Location: Shreveport, LA
1,347 posts, read 1,024,906 times
Reputation: 680
I’m in education, now, and my concurrent education jobs (public school teacher, tutoring online through a company, tutoring in person as a sole proprietor) are much less bad than the retail, healthcare, and service jobs I had. Teaching still irritates me when the kids are just there because their parents want them there instead of wanting to study and improve of their own accord, but I usually get some positive feedback from the people paying me whether that be my principal or the parents of the children I help. The first dozen jobs I had, the only time I heard from my bosses was when they complained about something being “wrong” without them telling me what was wrong or how to do it better next time, or they were coming to fire me.
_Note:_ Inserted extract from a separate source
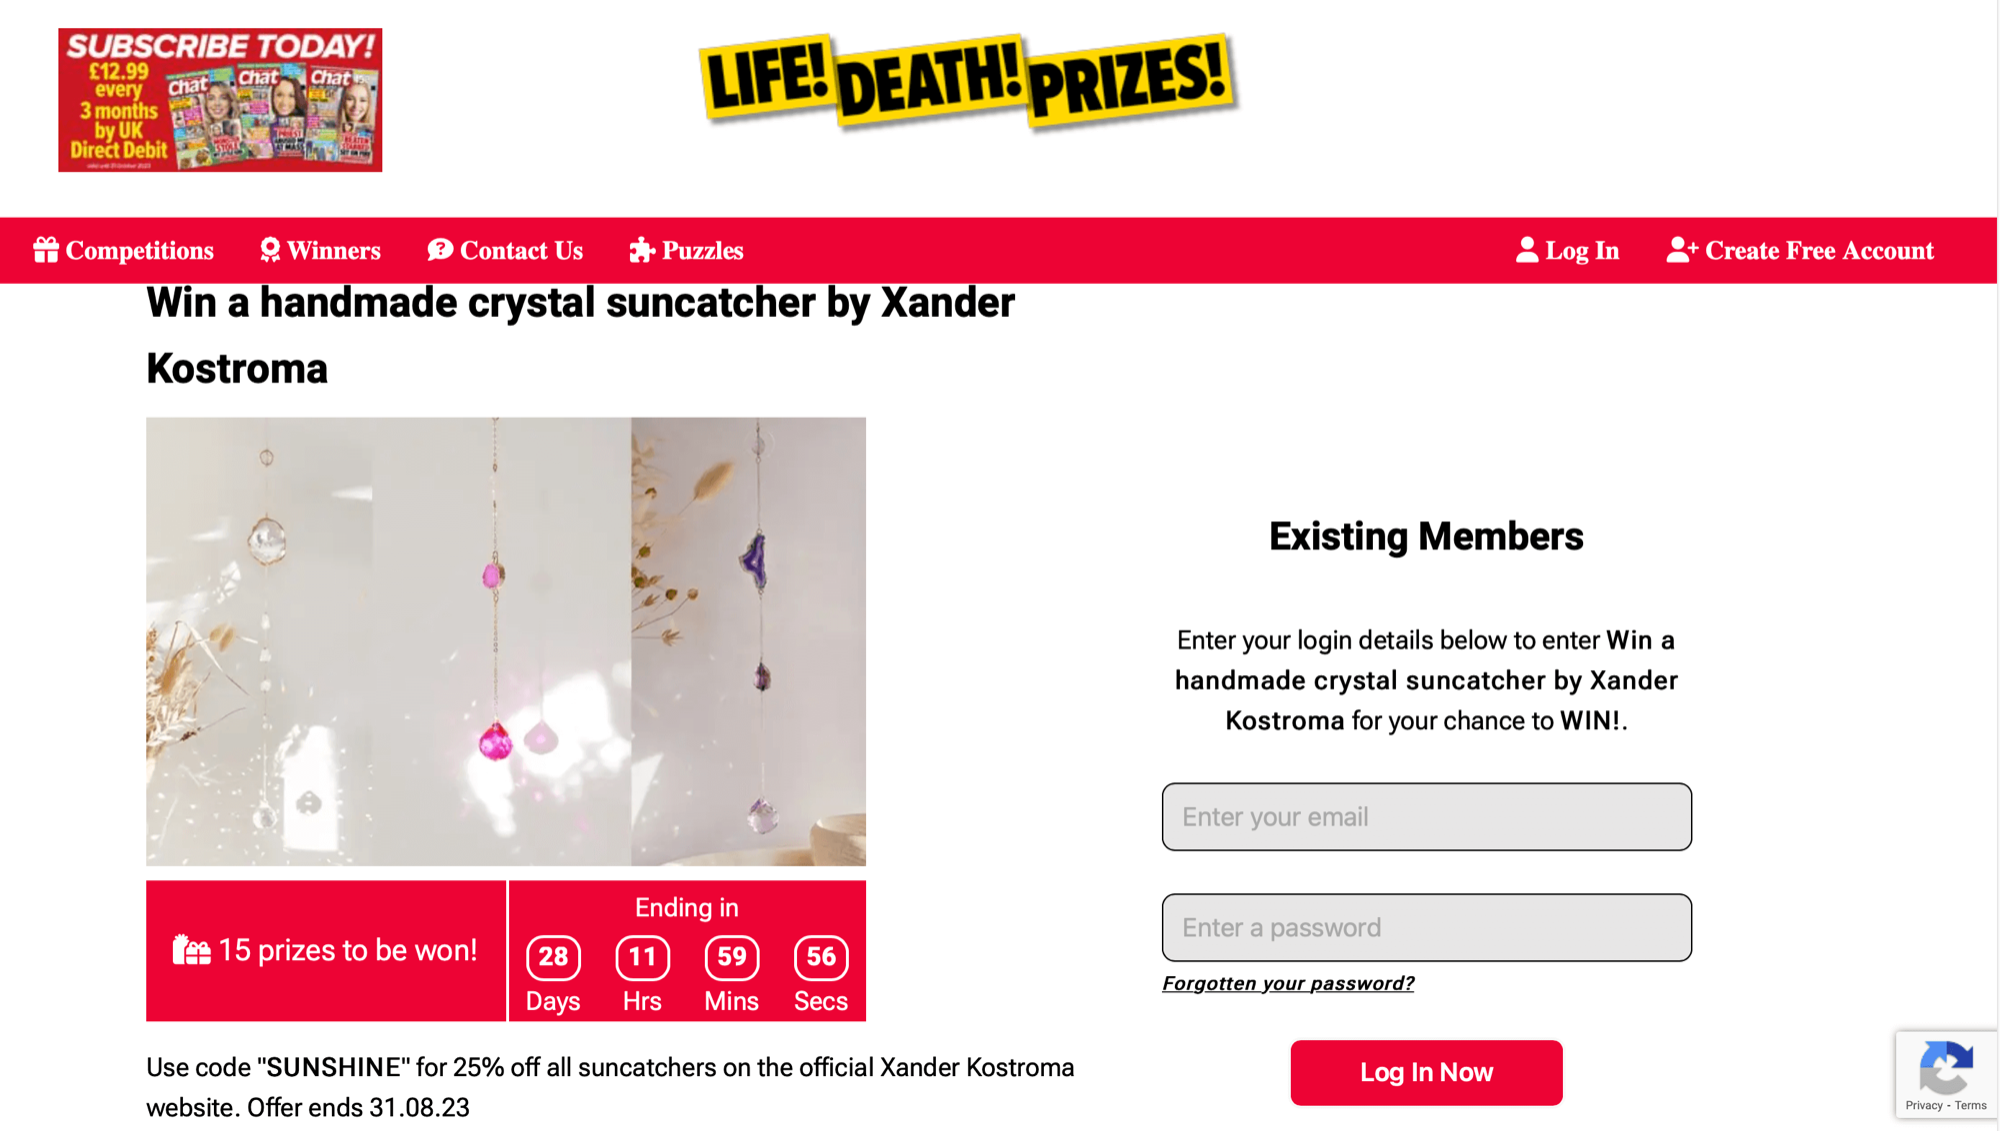 15 chances to win a Xander Kostroma suncatcher with Life Death Prizes

The work I do now is not only better paid, but my dislike of the work is much milder since I don’t feel harassed and micromanaged every day. I’m considering advancing along the education career track by getting a masters degree then a PhD to teach something well-paid and in demand at the college level. College kids are more mature than high schoolers, and depending on what I get my masters in, I could make enough to only need that one job and could use the time off and money from that job to find something engaging outside of work.

I’m good a math, so I’m thinking of doing a Masters of Accountancy, but only if I save up enough to take a sabbatical from my current jobs. Still trying to decide if and when to take the leap to grad school.

Even if I had the best job in the world and was very well paid, though, early retirement would still be on my radar.